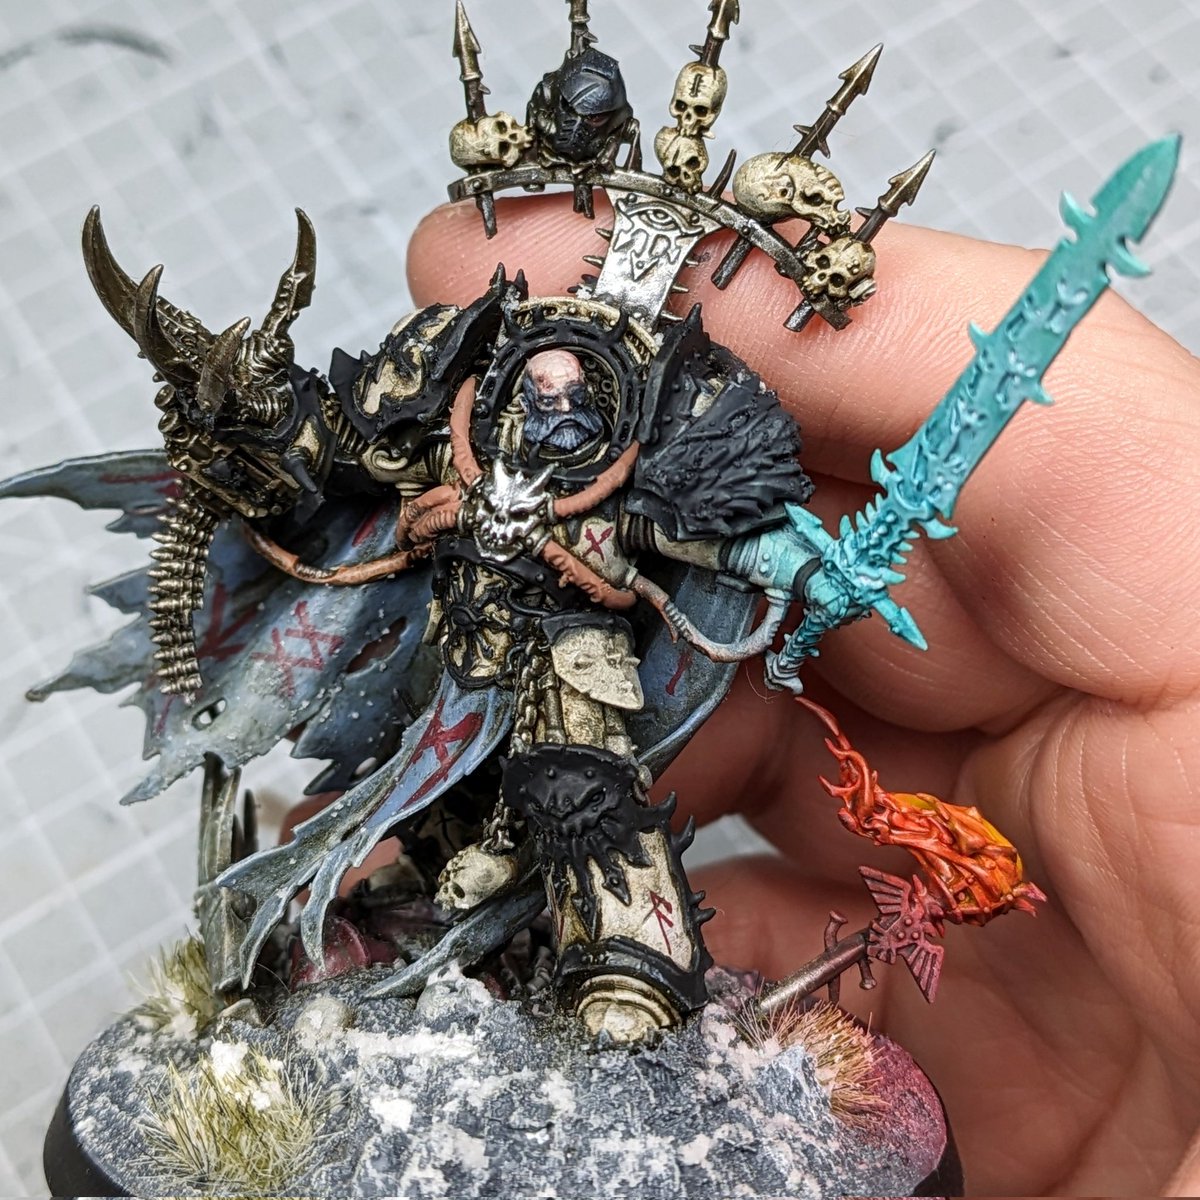 With the CSM book now confirmed for 2 weeks time I wanted to give Old Man Abaddon a facelift!

The plan is to have him fully revitalised before the book drops 😁🤘🏻

#warhammercommunity
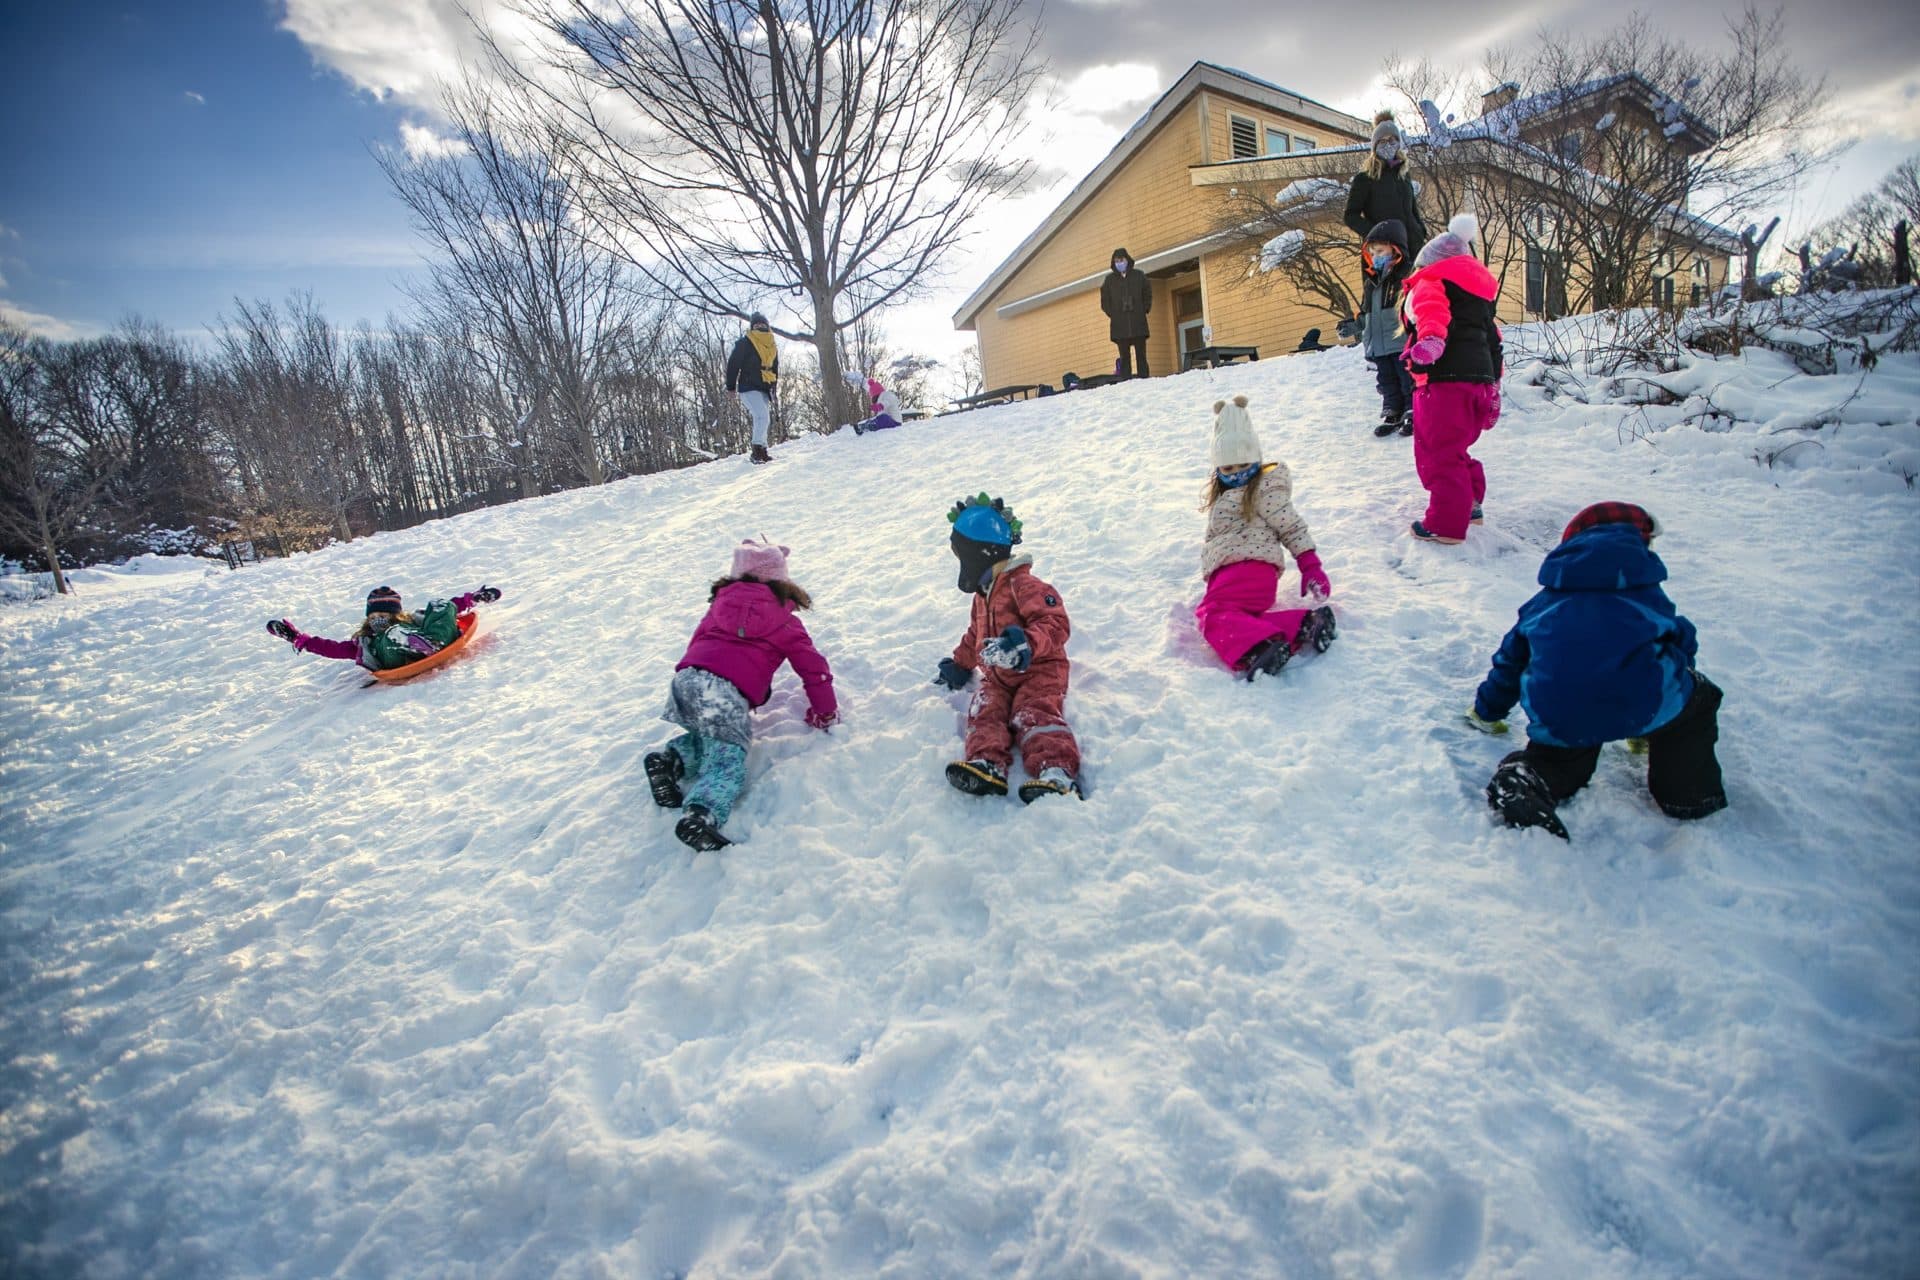 Children from the Audubon Boston Nature Center Preschool program play in the snow just before parents come to pick them up at the end of their day. (Jesse Costa/WBUR)

**What you should do:**
Could you set down, exactly as written, every line from the one with "#warhammercommunity" to the end of the data, both ends included? Leave out the pictures.

**Exercise response:**
#warhammercommunity
 Children from the Audubon Boston Nature Center Preschool program play in the snow just before parents come to pick them up at the end of their day. (Jesse Costa/WBUR)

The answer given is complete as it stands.